Eardley first discovered the tiny fishing village of Catterline, just south of Stonehaven in 1950. Several visits followed and from 1956 she took up semi-residence in the village. She stayed first at The Watch House, then bought no. 1 Catterline, which she retained as a store and studio after she moved to 'Sarah's', and from there to no. 18 in the middle of the village. The sea, the shore with fishing nets stretched out to dry, the string of clifftop cottages perched high above, and the extensive fields beyond provided a constant source of inspiration. All year round she painted out of doors, revelling in the extreme conditions and developing an increasingly expressionistic technique to capture the wild landscape on canvas.

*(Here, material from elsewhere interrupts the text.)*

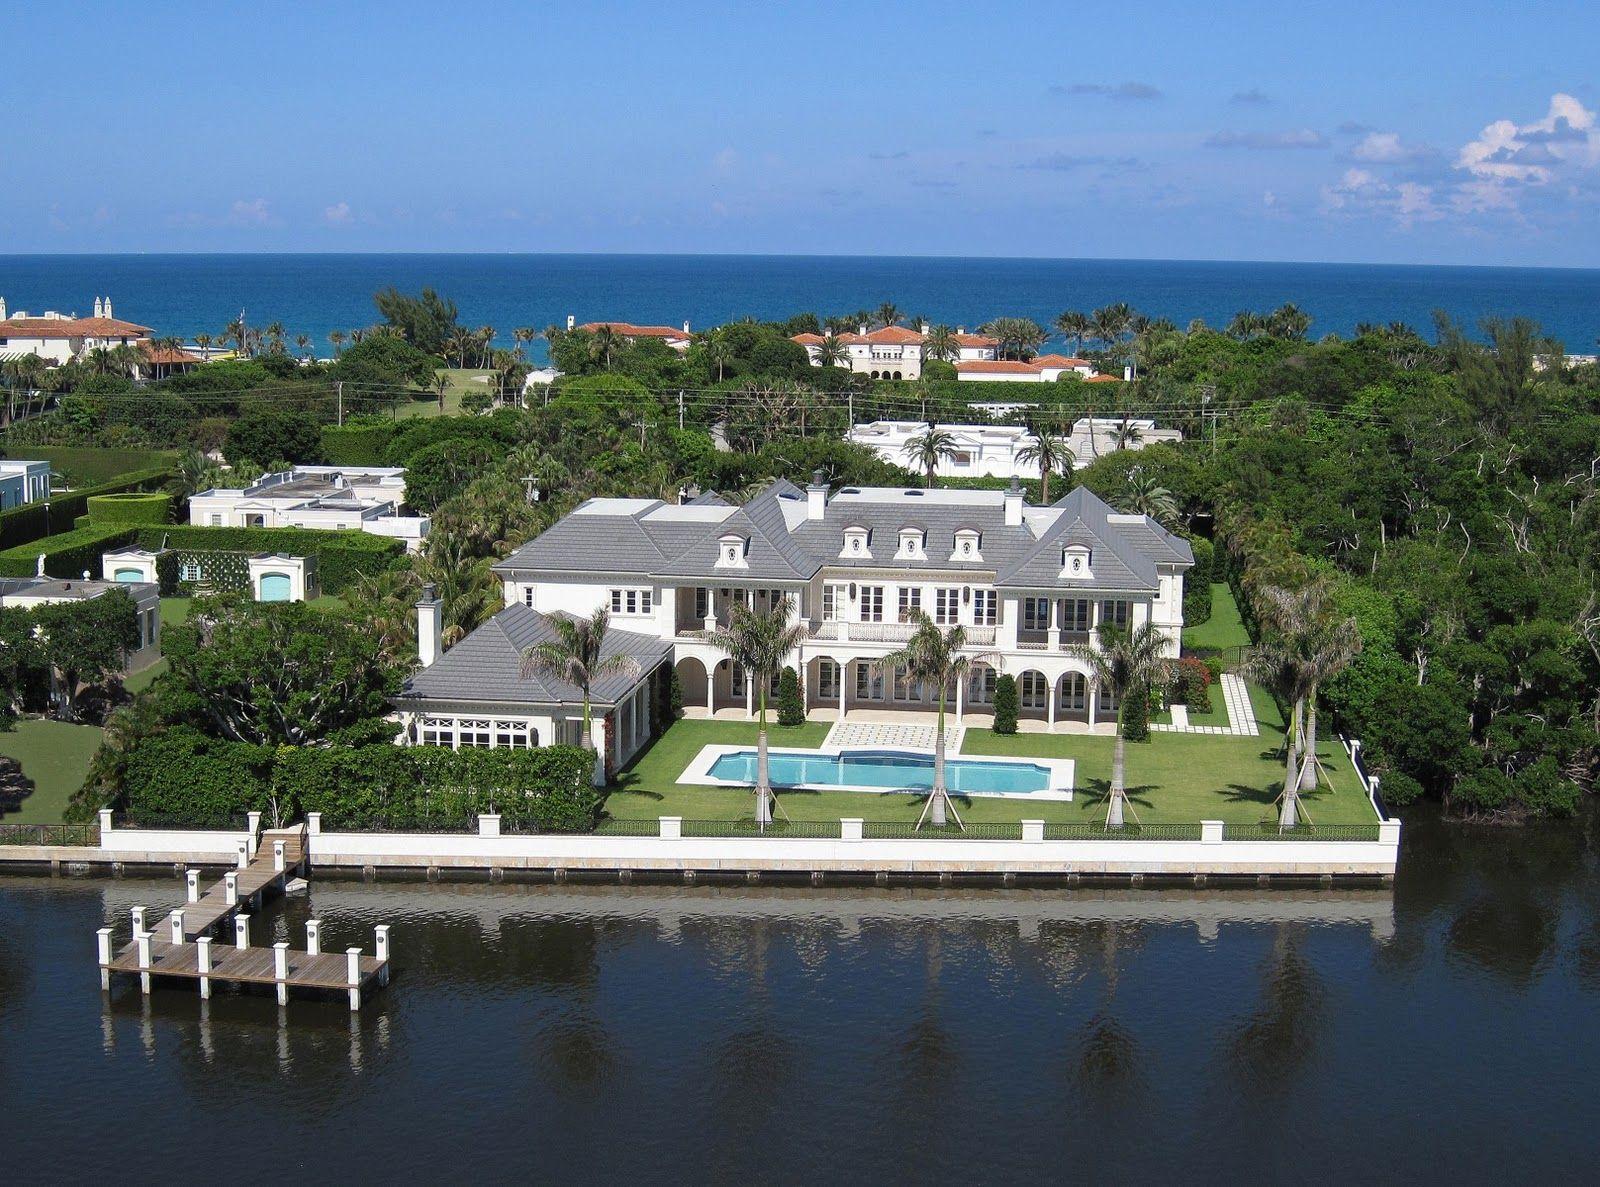 Dan swanson of addison development palm beach florida intracoastal mansion 1220 south ocean boulevard palm beach florida owner dan swanson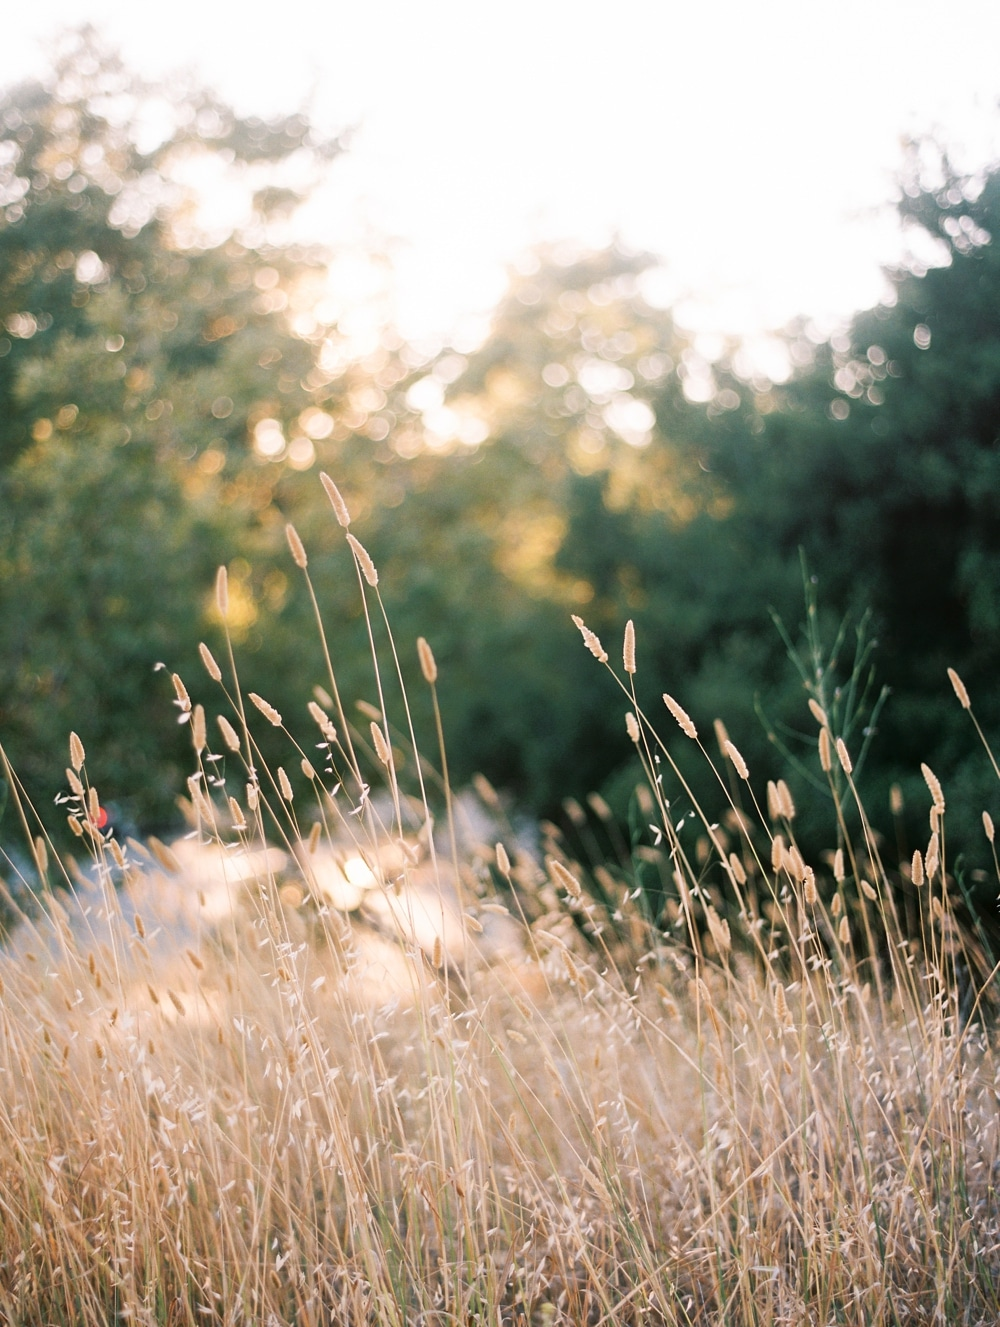 Kristin-La-Voie-Photography-california-wedding-photographer-dog-session-rancho-san-antonio-los-altos-56

Painted in 1961 the present work, depicting a cluster of beehives on a hillside, a subject that recurs in Eardley's work (see C. Oliver, Joan Eardley, RSA, Edinburgh, 1988, p. 94), captures a precise moment in time, with bad weather conditions approaching. Eardley revelled in the extreme climate changes that could be experienced around Catterline, writing in a letter dated February 1958, 'Then quite suddenly, in the middle of the afternoon, the wind veered to the east with no warning - a gale force wind. My painting and me were enveloped in snow ... and everything I was looking at became blotted out by snow whirling everywhere from off the ground. That was the end of my day's work ... Certainly the coldest and worst day of the year - a most exciting day, too, with every variation of colour - black sea, bright green striped sea, brown sea, yellow sea and no sea. Extraordinary strong cloud formation, too ... I had to stick to one mood and position when all the time I was itching to turn hither and thither and run hither and thither.' (C. Oliver op.cit. pp. 85-88)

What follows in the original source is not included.